BEGIN DATASET EXTRACT

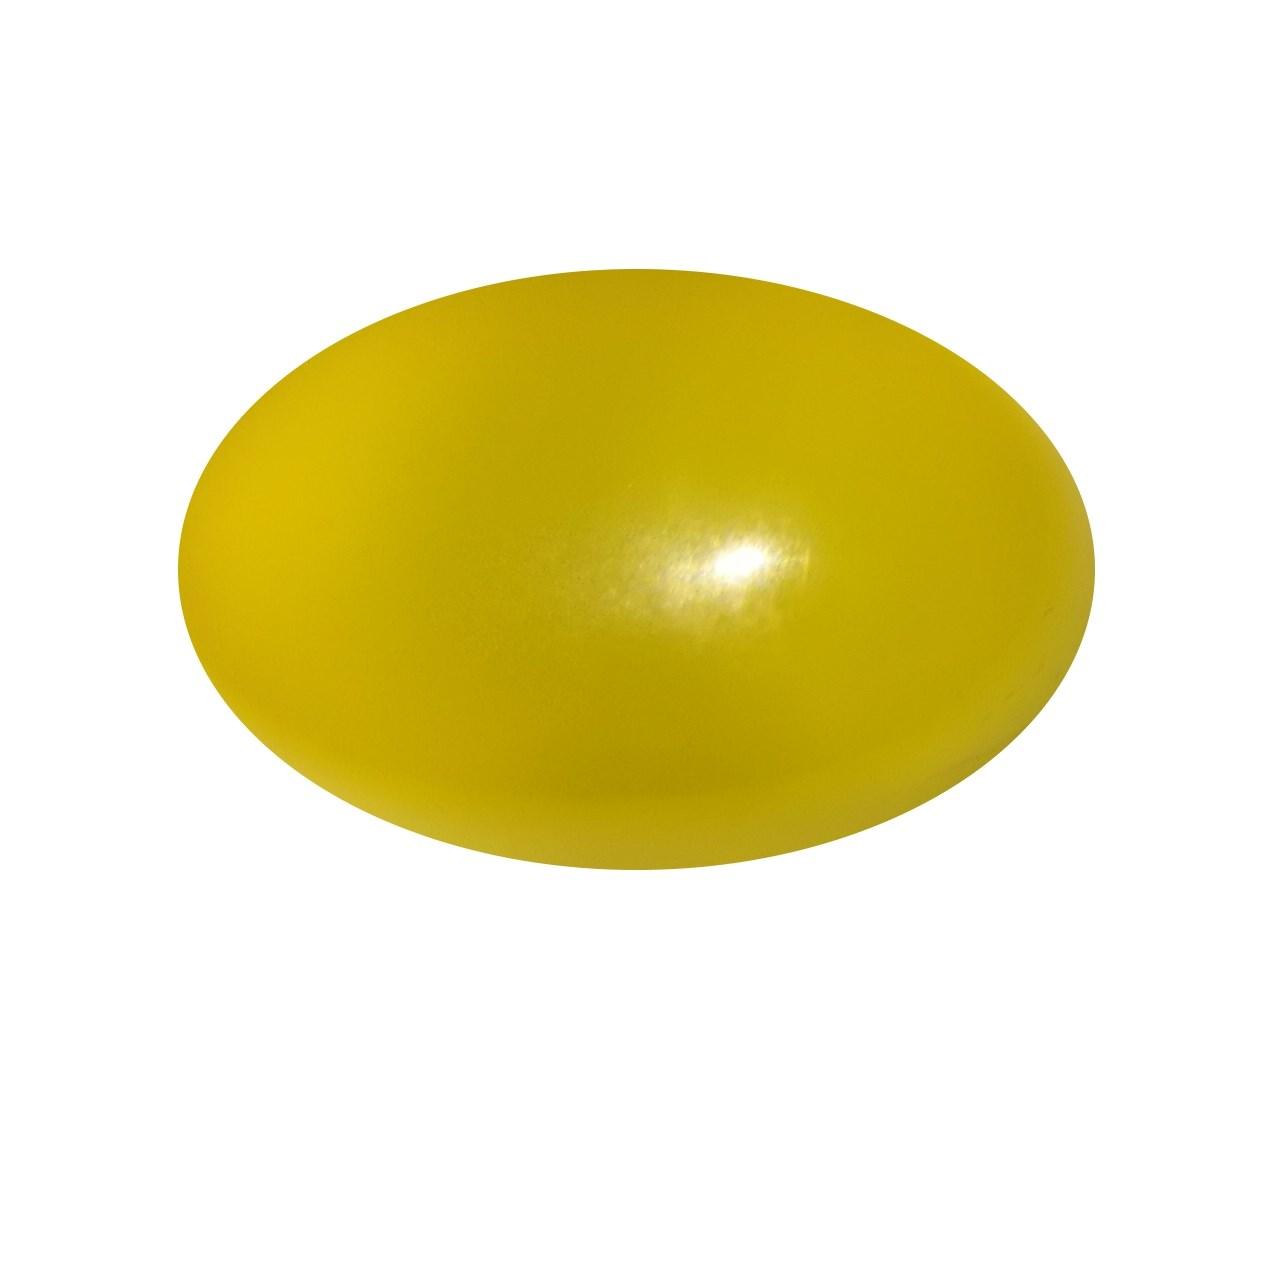 سنگ عقیق مدل شرف شمس کد 1364
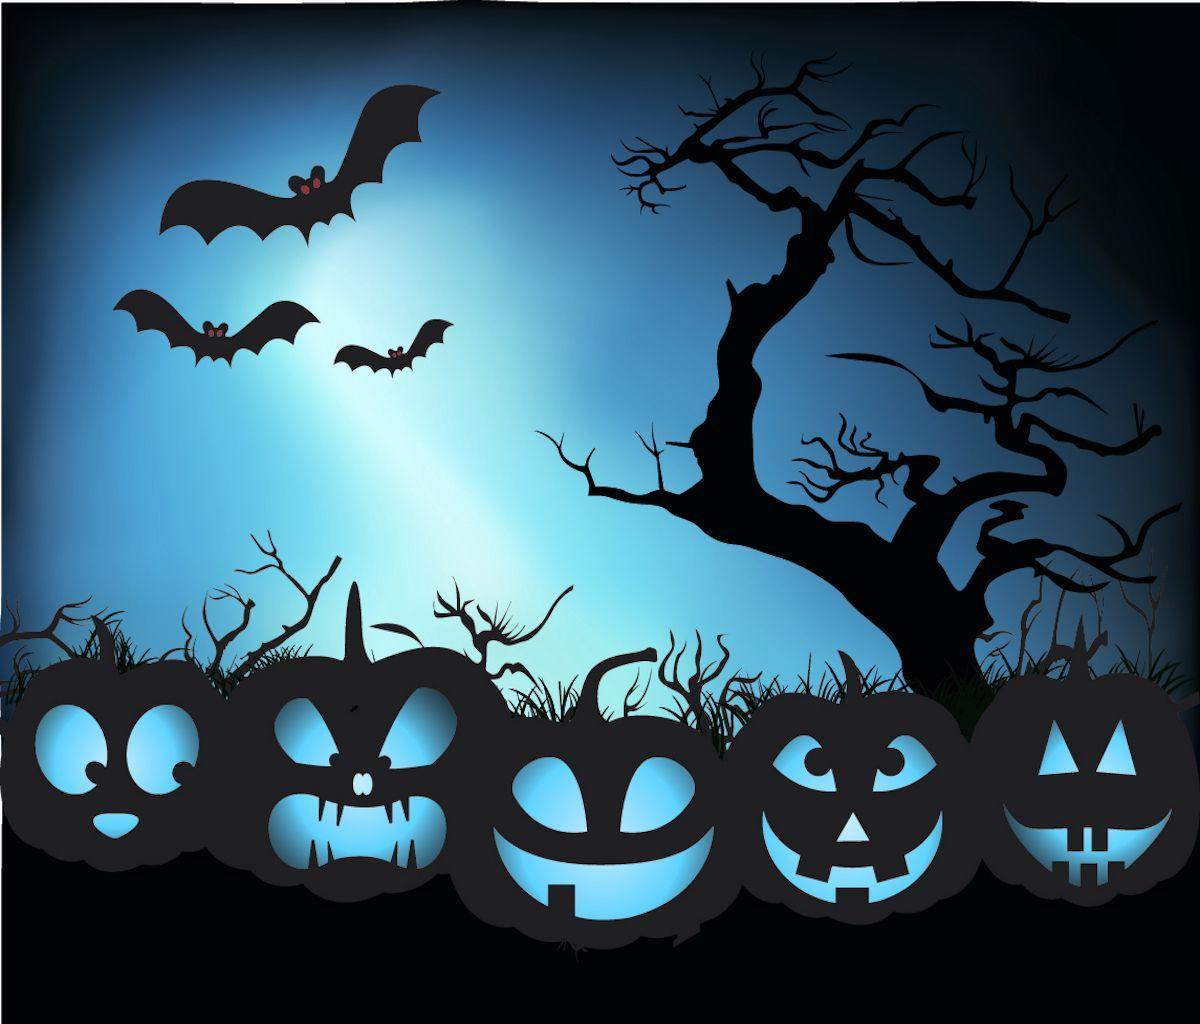 Halloween Tablet Wallpapers - Top Free
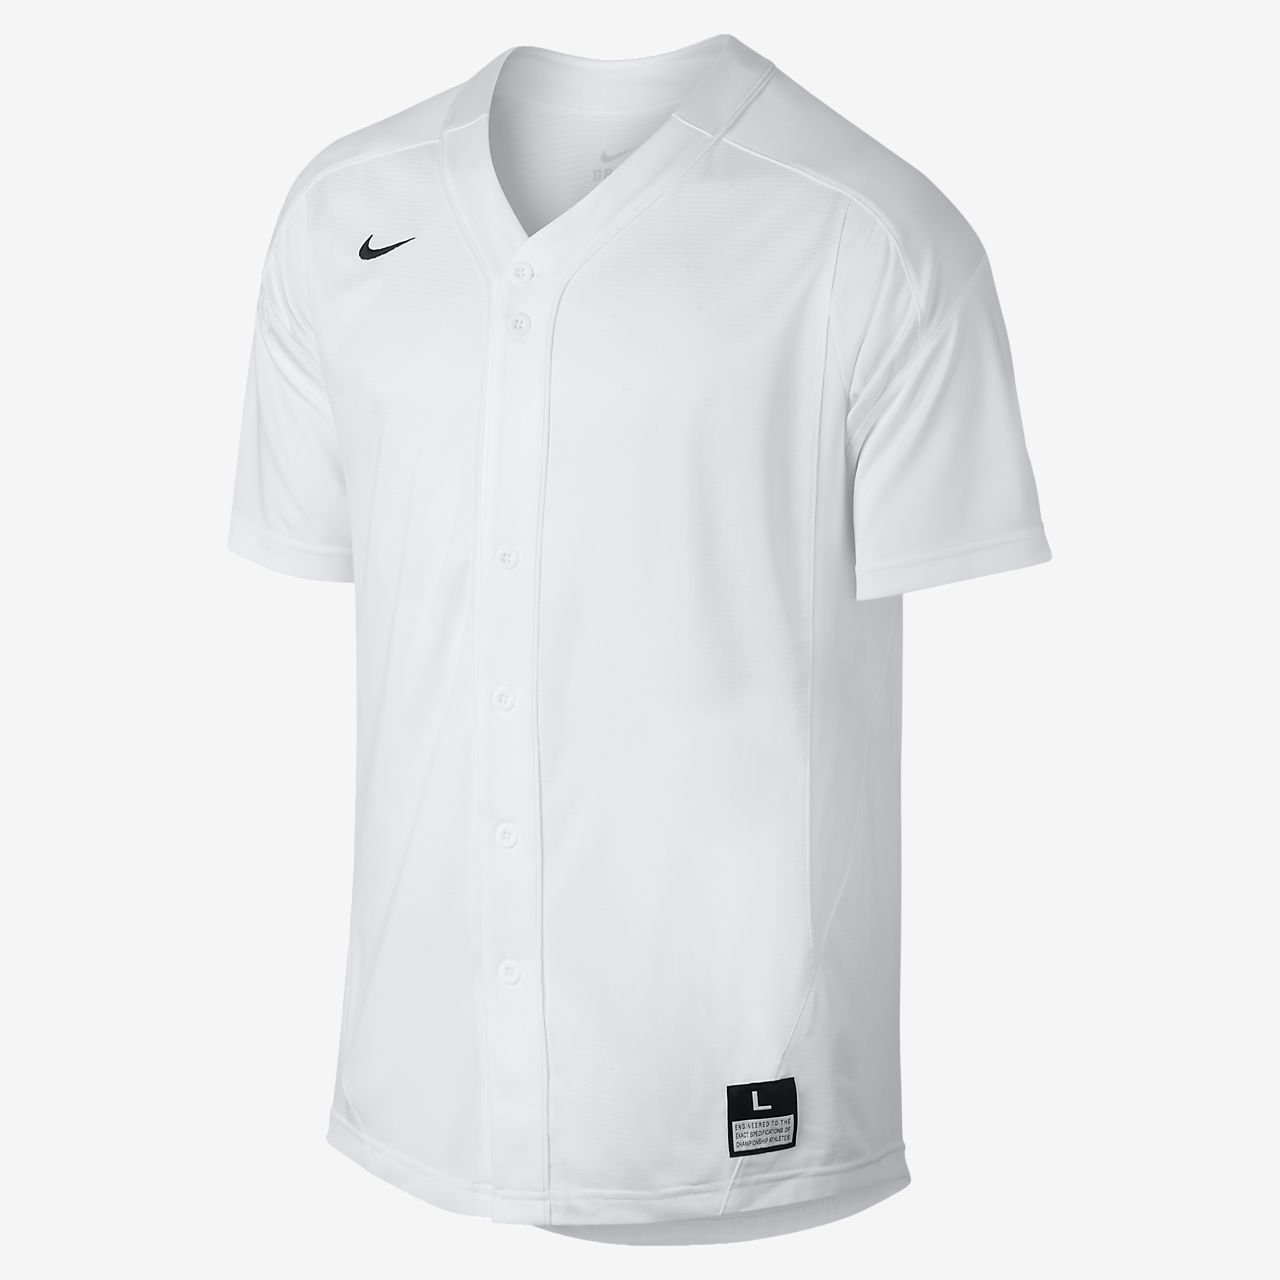 Nike Vapor Dinger Men s Baseball Jersey. Nike.com 8b87abdcad84

END DATASET EXTRACT

▶ **HOW TO COMPLETE THIS TASK**
Print the lines from the line containing "Halloween Tablet Wallpapers - Top Free" through the last line of the listing, exactly as they stand, and leave any pictures out.

▶ **ANSWER TO THE EXERCISE**
 Halloween Tablet Wallpapers - Top Free
 Nike Vapor Dinger Men s Baseball Jersey. Nike.com 8b87abdcad84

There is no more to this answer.